# REQUIRED WORK
Every line of the material is to be quoted verbatim, minus the pictures.

# SUPPLIED DATA
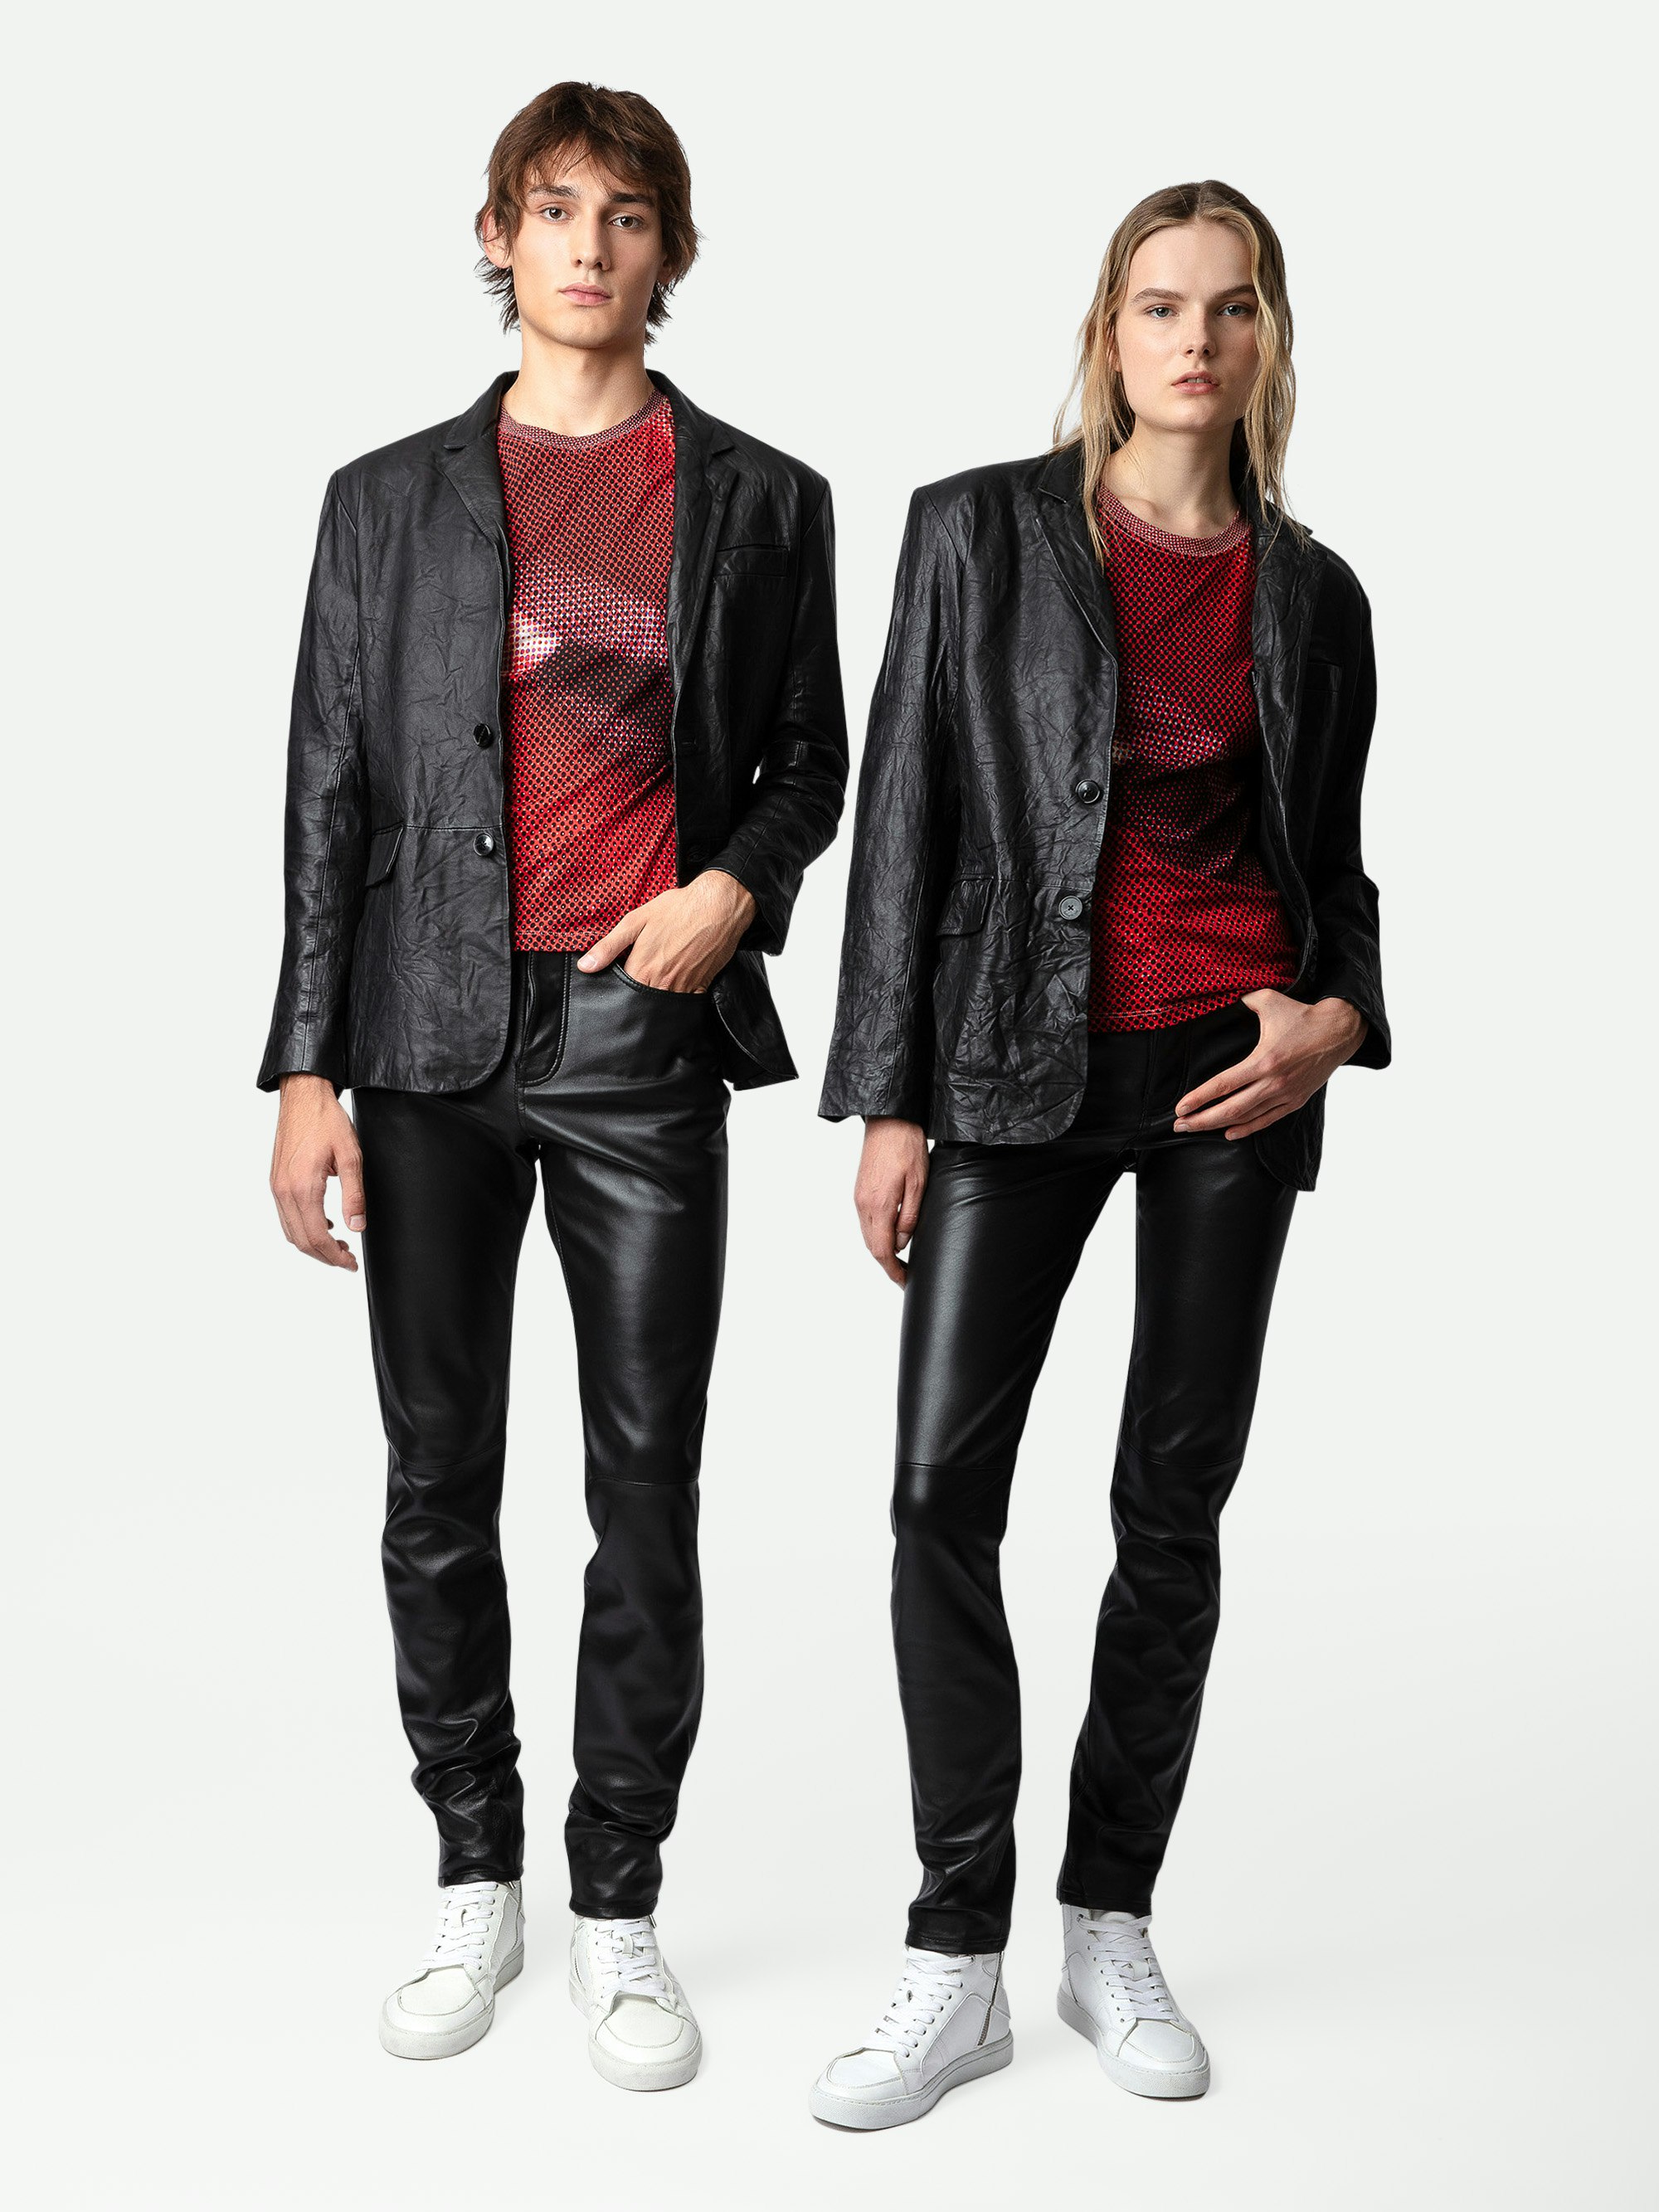 Valfried Crinkle Leather Blazer - Unisex’s black tailored jacket in crinkle leather.
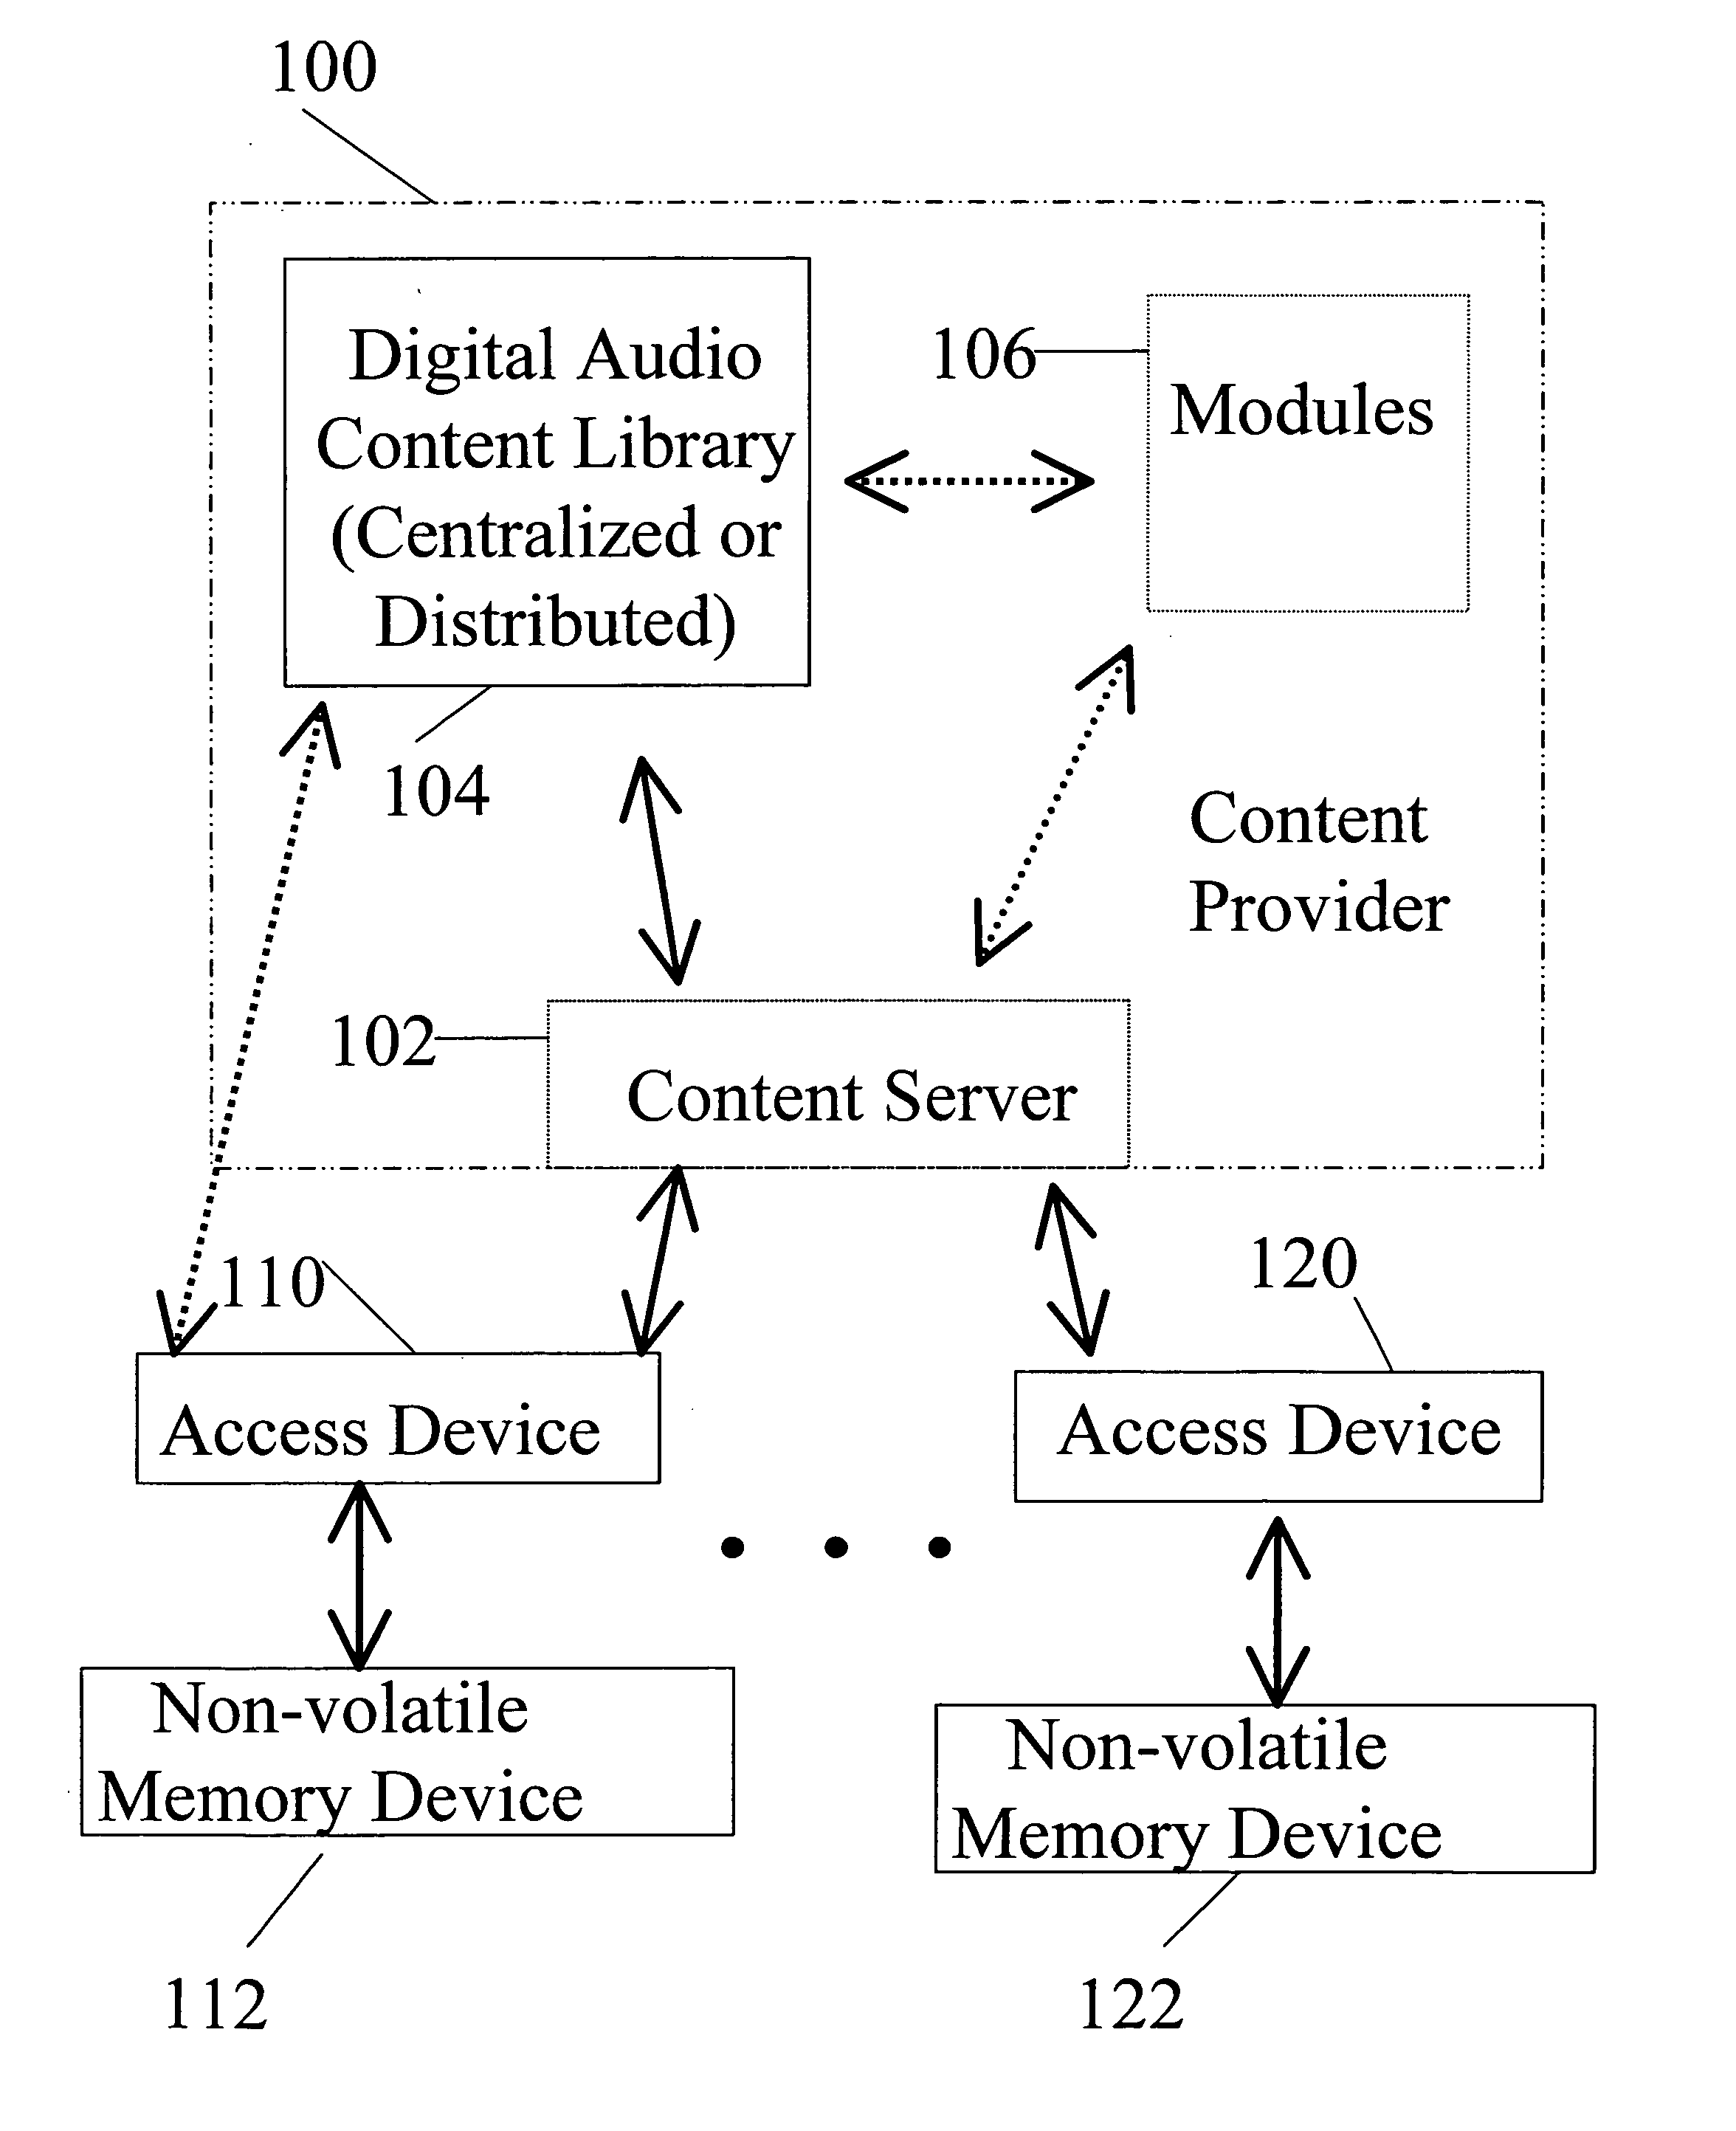 Playback of downloaded digital audio content on car radios
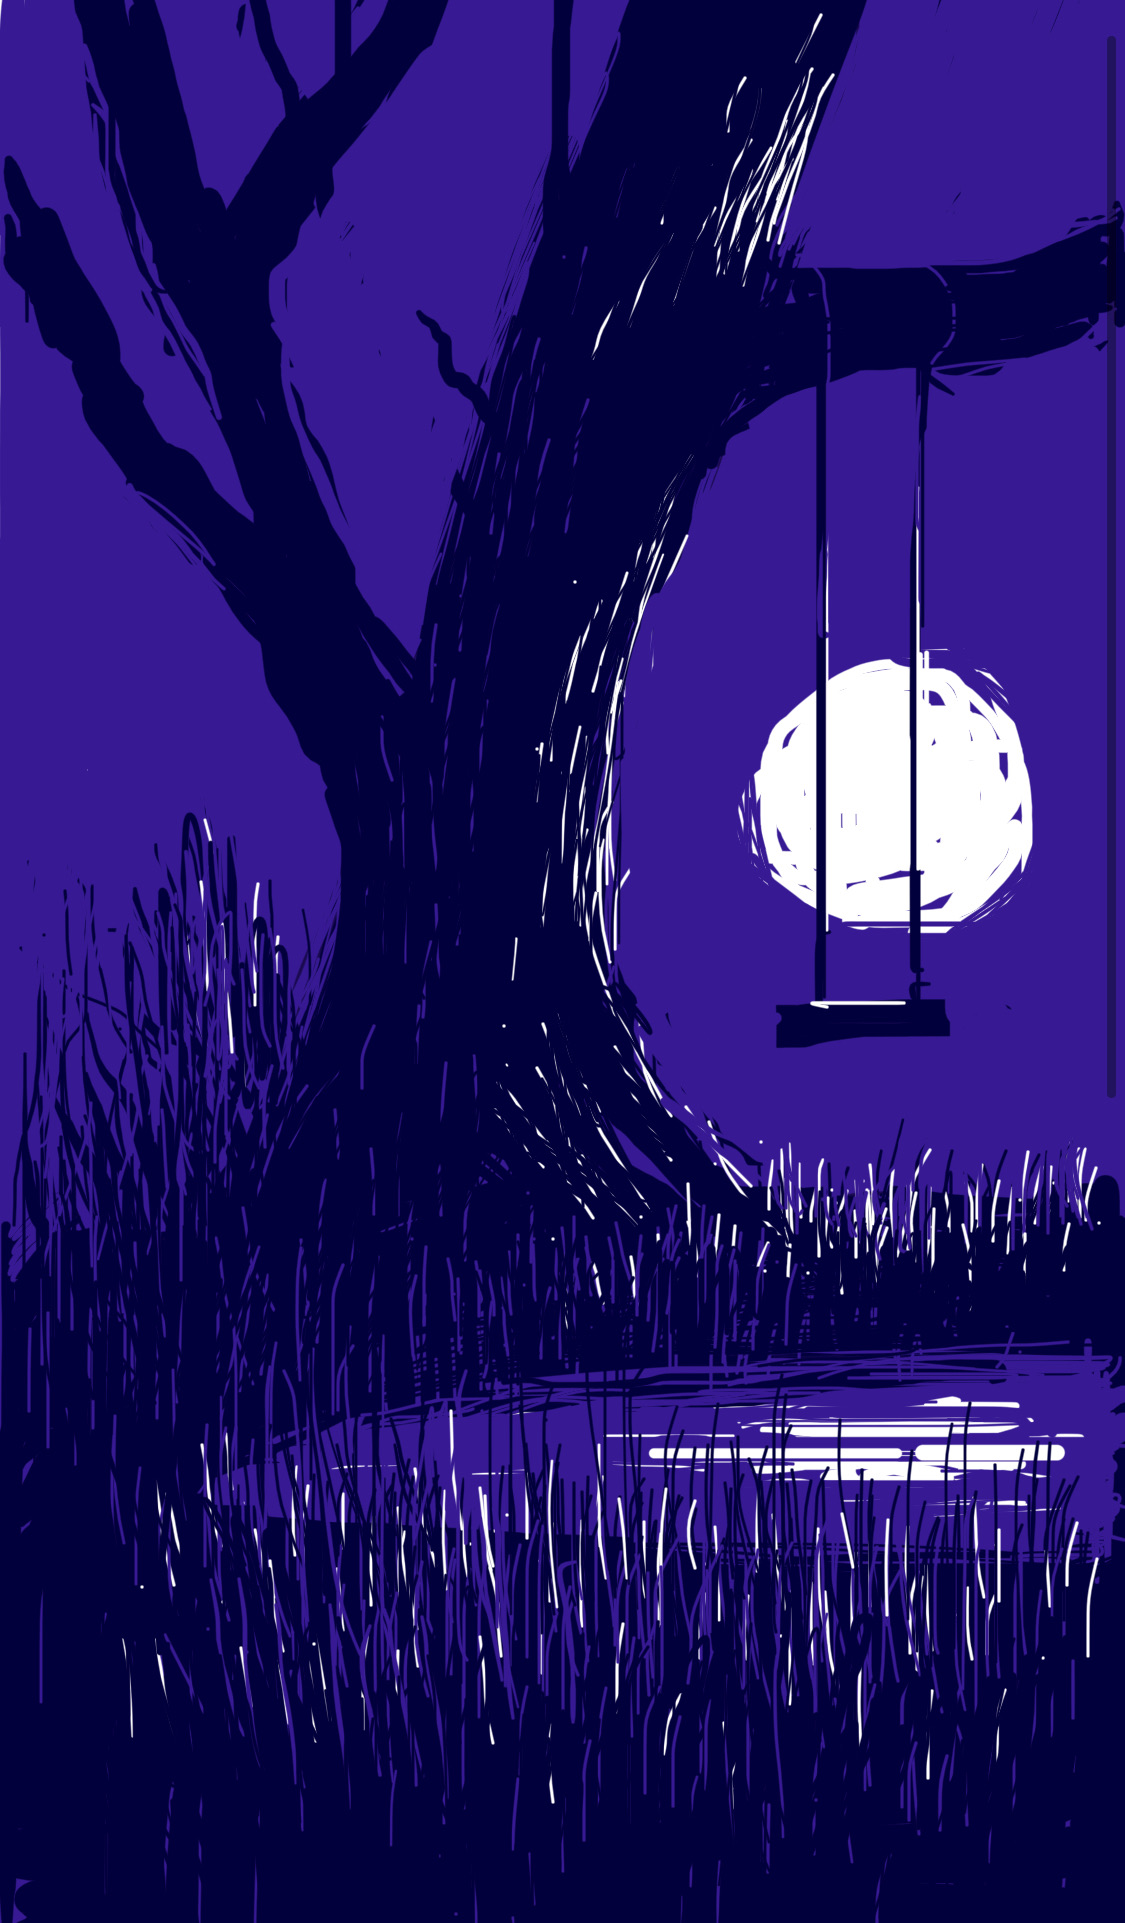 A swing hangs from a tree at night, a small pond nearby. The full moon reflects eerily in the pond.

# REPLY
 Valfried Crinkle Leather Blazer - Unisex’s black tailored jacket in crinkle leather.
 Playback of downloaded digital audio content on car radios
 A swing hangs from a tree at night, a small pond nearby. The full moon reflects eerily in the pond.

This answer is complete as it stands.